Start of Material provided
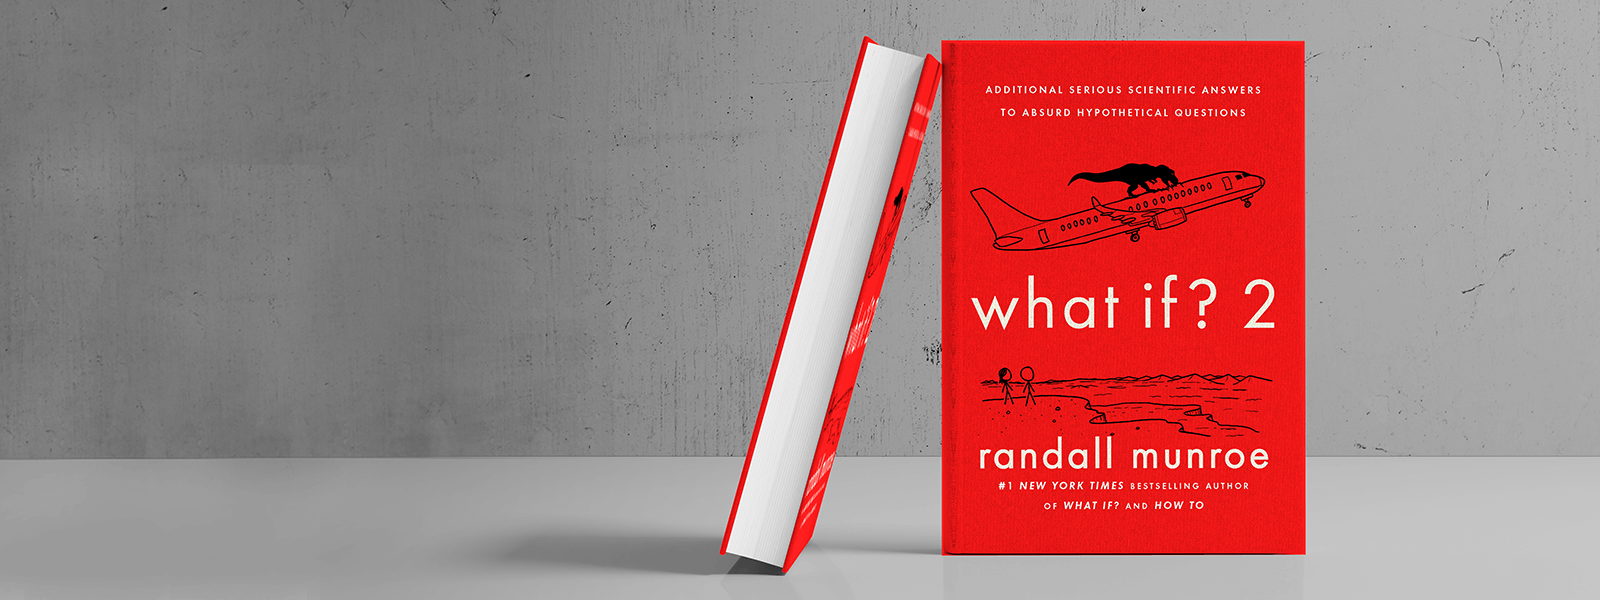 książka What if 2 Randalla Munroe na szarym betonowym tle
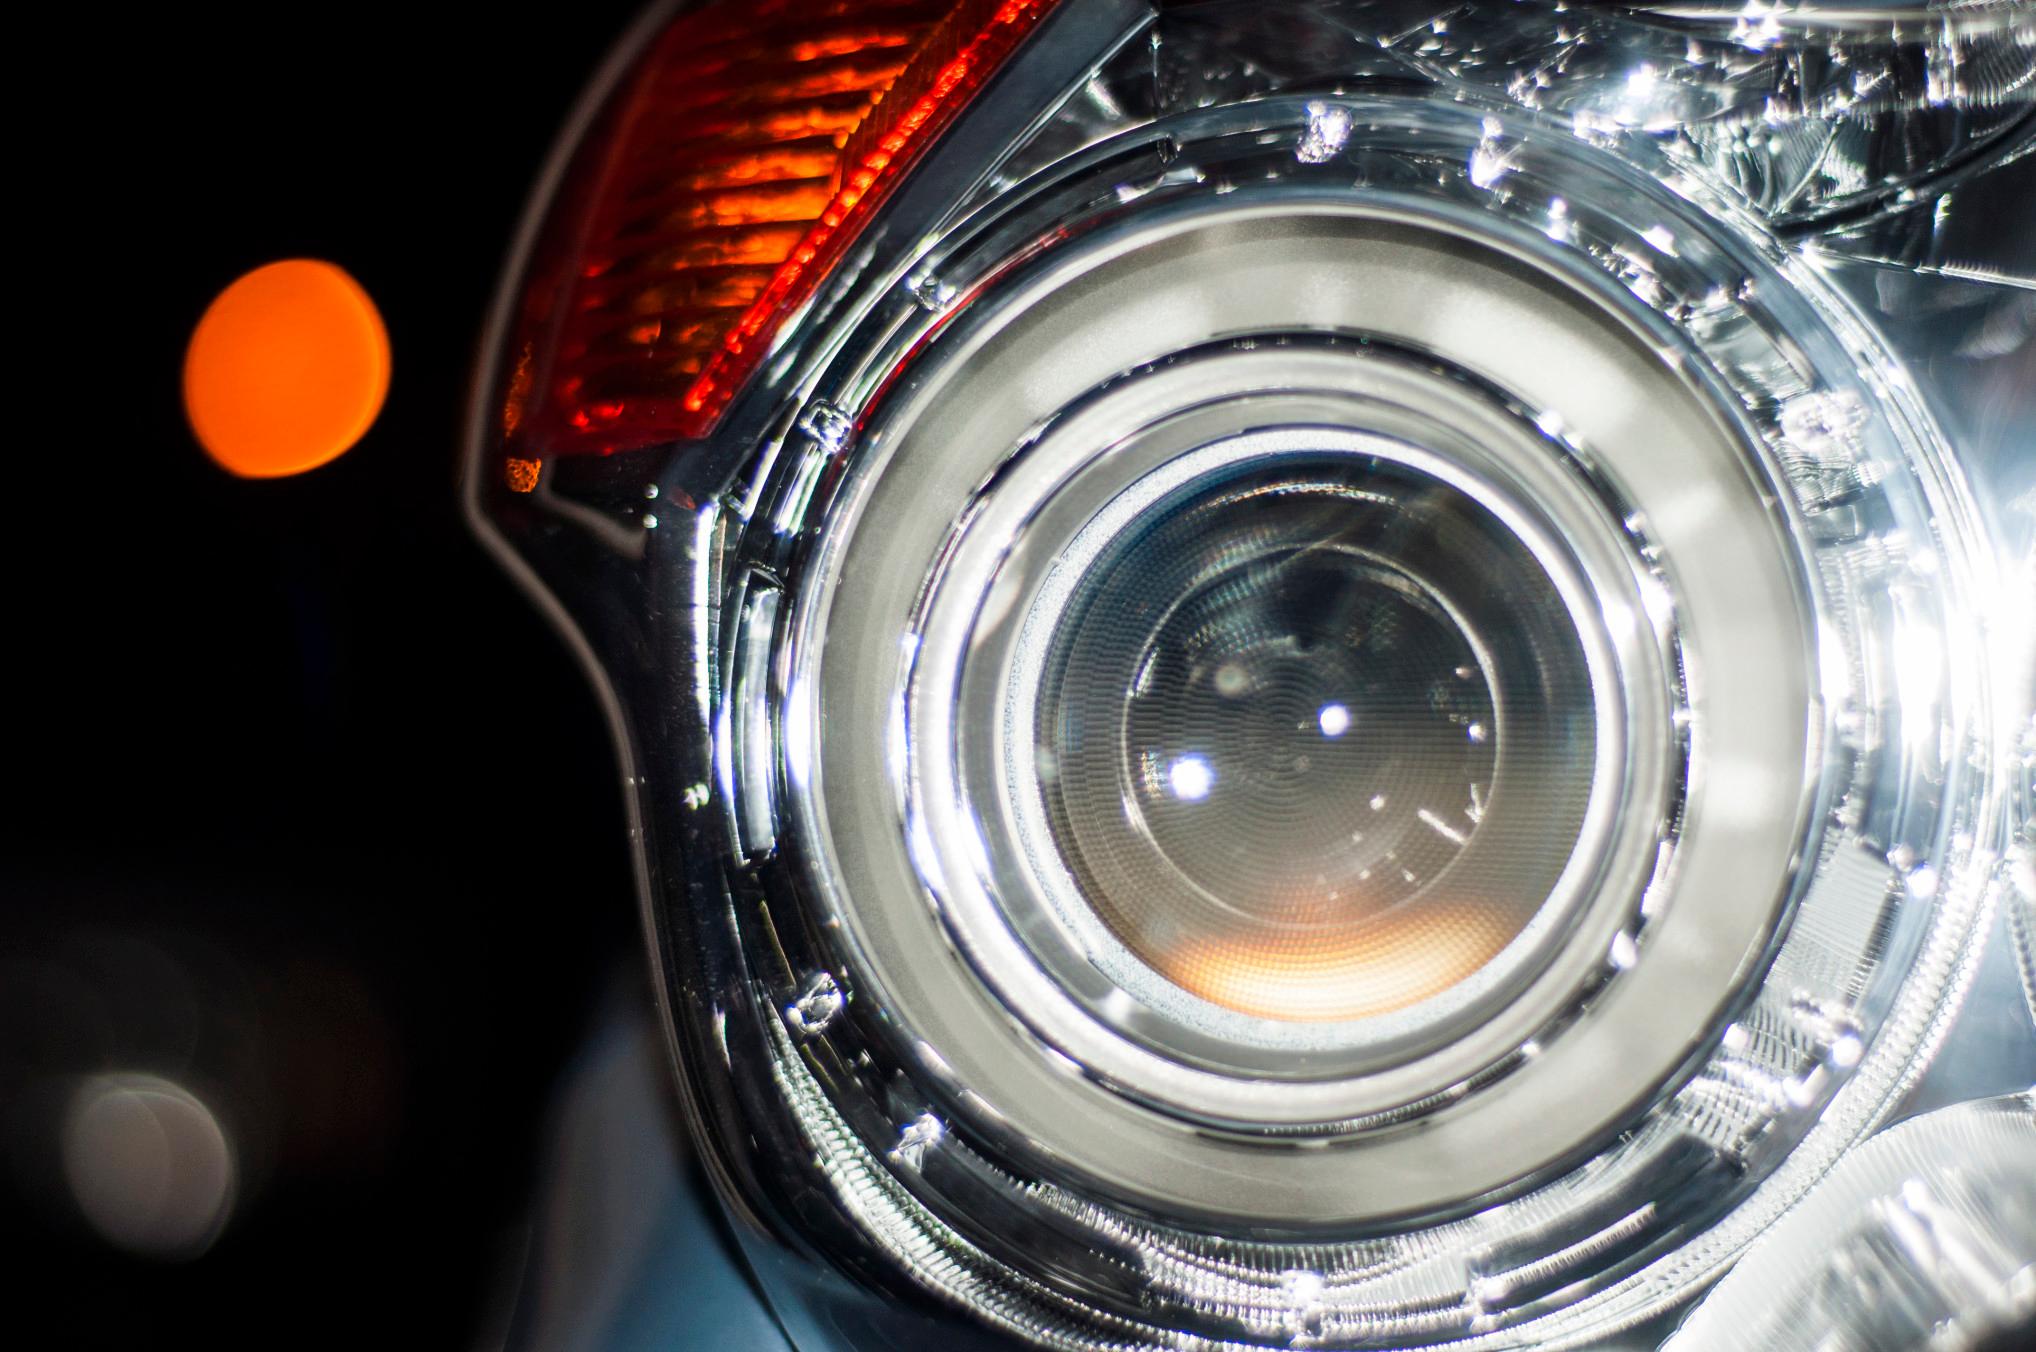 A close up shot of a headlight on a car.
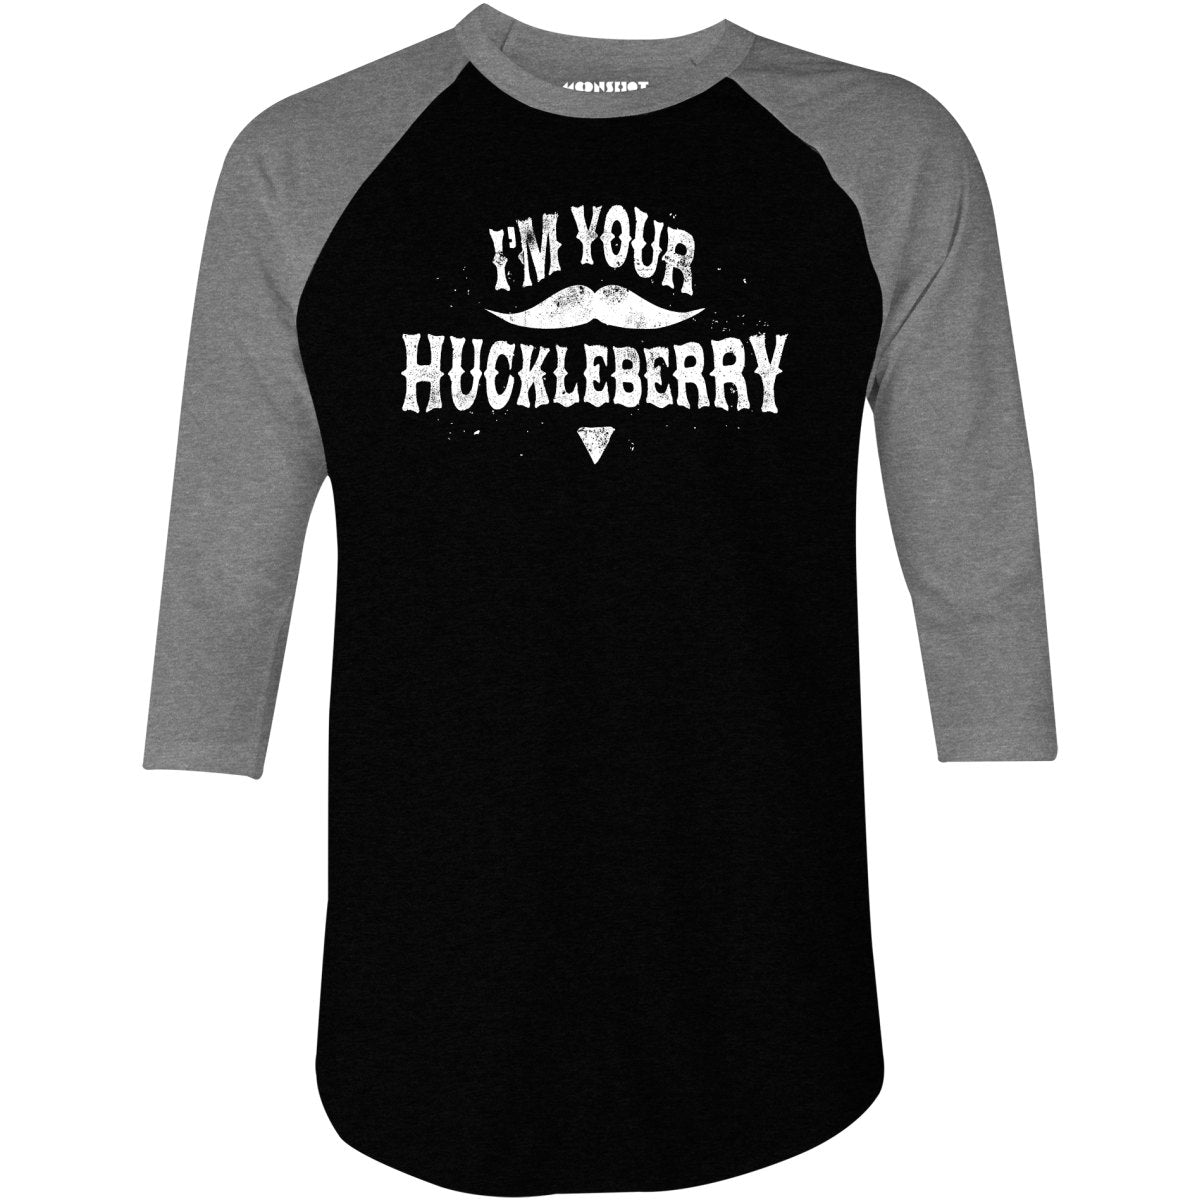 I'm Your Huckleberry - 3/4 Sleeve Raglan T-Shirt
End of Material provided
Your assignment =
Your copy should hold only the lines from the one containing "A close up shot of a headlight on a car." through the last line of the listing, both included, retyped exactly and free of pictures.

Task response =
 A close up shot of a headlight on a car.
 I'm Your Huckleberry - 3/4 Sleeve Raglan T-Shirt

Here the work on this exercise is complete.